I need help, I don't know how to approach this question
The free energy generated by ion movement in the cell is used by the cell to do work. Compute the minimum number of millimoles of sodium that would be needed to pump one millimole of calcium ions if the following concentrations were present in the cell. Assume the temperature to be 370C and recall that R=0.008314 kJ/mol-K.
Na^+ (aq, 11mM) ----> Na^+ (aq,9.25 mM)
Ca^2+ (aq, 5mM) ----> Ca^2+ (aq, 475mM)
I understand the question, vaguely, but can you clue me in on the concentrations at the end of the post. You have two mM for both. Which is right for each?

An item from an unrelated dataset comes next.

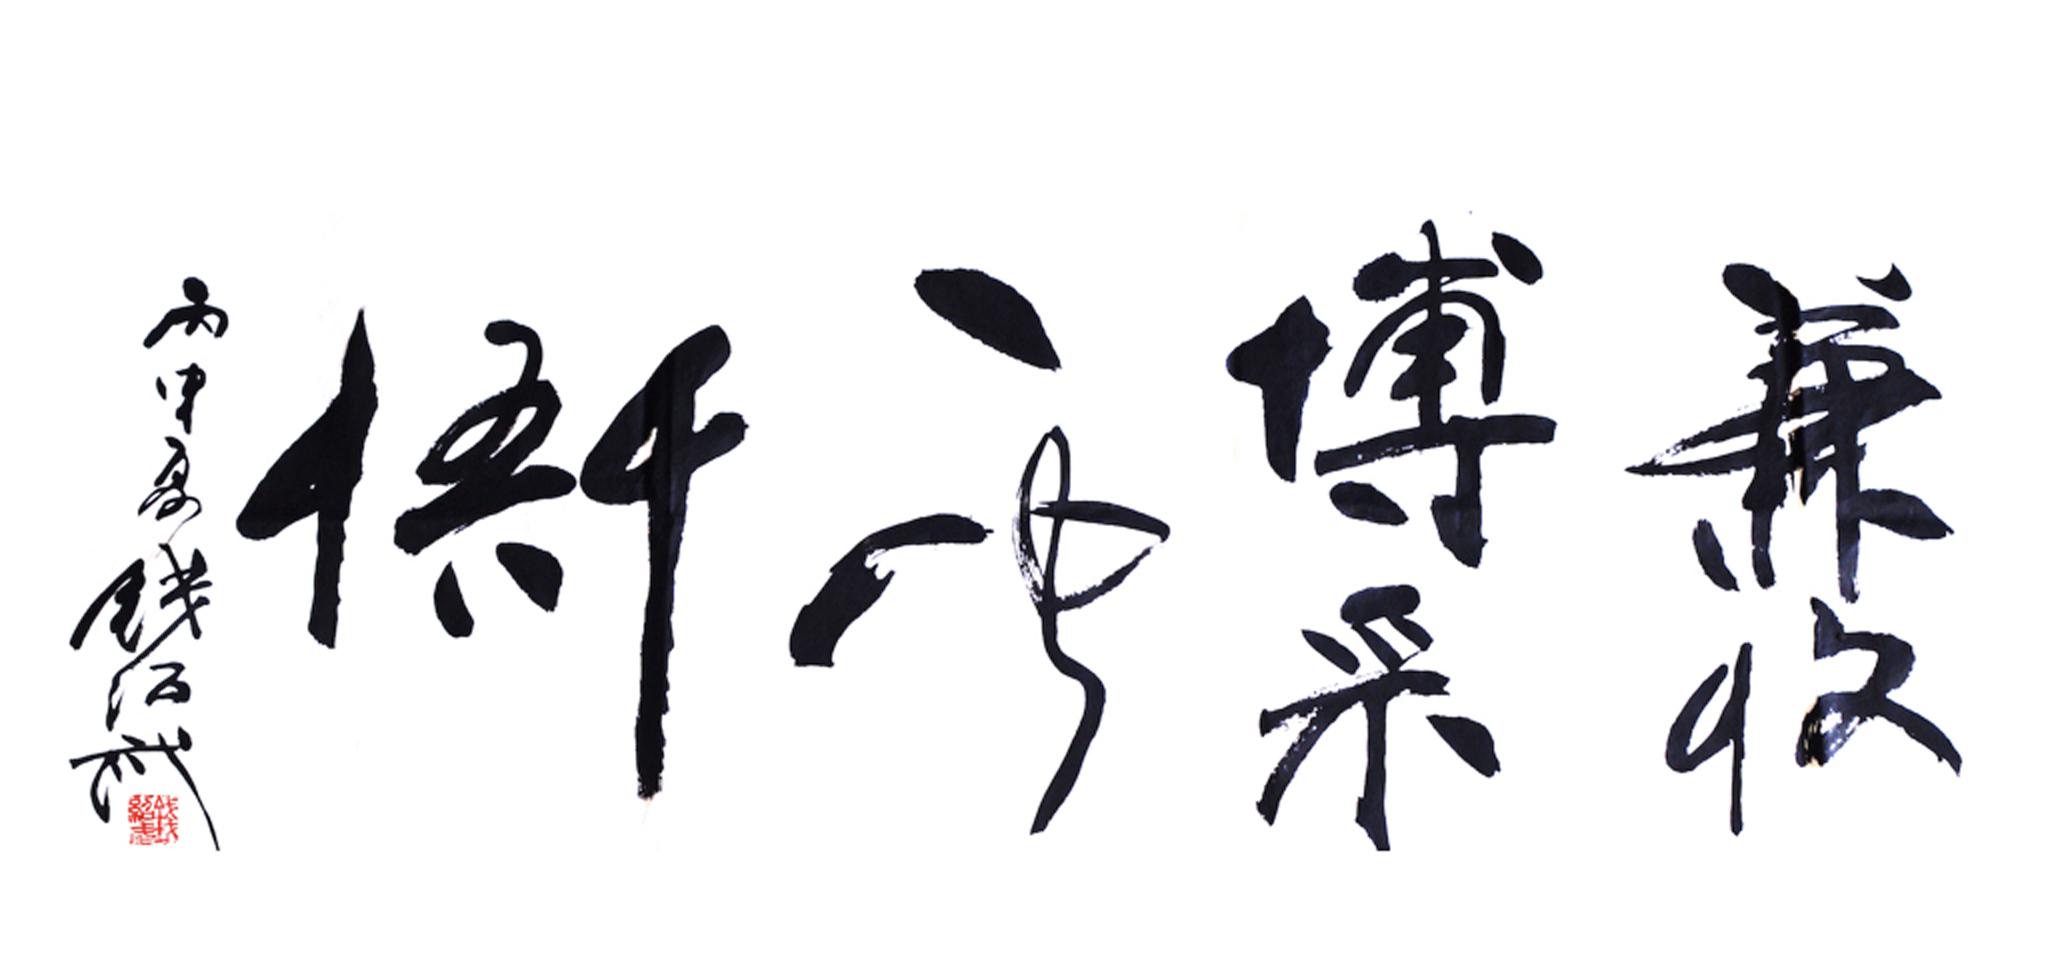 钱绍武大师为北京博仟万博体育彩票官网app公司的题字

The two chemical equations with the concentration amounts are as listed on the problem. That's what I was trying to figure out normally I can solve if only given one set of concentrations but I don't have a clue as to what to do now that I am given a mother set
I don't understand the problem either.
To compute the minimum number of millimoles of sodium needed to pump one millimole of calcium ions, we need to understand the concept of the Nernst equation and use it to calculate the electrochemical potential difference between the two ions.
The Nernst equation is used to calculate the equilibrium potential (in volts) for an ion across a membrane. In this case, we are interested in the sodium-potassium pump, which pumps sodium ions into the cell and potassium ions out of the cell. The equation is as follows:
E = (RT/zF) * ln([ion]out / [ion]in)
Where:
- E is the equilibrium potential in volts
- R is the ideal gas constant (0.008314 kJ/mol-K in this case)
- T is the temperature in Kelvin (370C = 643K in this case)
- z is the valence of the ion (+1 for sodium and +2 for calcium)
- F is Faraday's constant (96,485 C/mol)
- [ion]out and [ion]in are the ion concentrations outside and inside the cell, respectively.
Let's calculate the equilibrium potential difference for both sodium and calcium ions using the given concentrations.
For sodium ions:
E(Na) = (RT/zF) * ln([Na+]out / [Na+]in)
E(Na) = (0.008314 * 643 / 1 * 96,485) * ln(9.25 / 11)
E(Na) = -0.0252 V
For calcium ions:
E(Ca) = (RT/zF) * ln([Ca^2+]out / [Ca^2+]in)
E(Ca) = (0.008314 * 643 / 2 * 96,485) * ln(475 / 5)
E(Ca) = 0.215 V
To pump one millimole of calcium ions, we need to overcome an electrochemical potential difference of 0.215 V.
Now, to compute the minimum number of millimoles of sodium needed, we can use the equation:
ΔG = -nFΔE
Where:
- ΔG is the change in Gibbs free energy (in kJ/mol)
- n is the number of moles of electrons transferred per mole of ions (n = 2 for calcium ions)
- F is Faraday's constant (96,485 C/mol)
- ΔE is the electrochemical potential difference (0.215 V for calcium ions)
Let's calculate the value for sodium ions:
ΔG(Na) = -nFΔE
ΔG(Na) = -(2 * 96,485) * 0.215
ΔG(Na) = -41.506 kJ/mol
Now, let's find out the minimum number of millimoles of sodium ions needed:
-1 millimole of calcium ions has an associated ΔG of -41.506 kJ/mol
-1 millimole of sodium ions will have the same ΔG, as we use the same energy source
Therefore, we will need an equal number of millimoles of sodium ions, which is 1 millimole.
So, the minimum number of millimoles of sodium needed to pump one millimole of calcium ions is 1 millimole.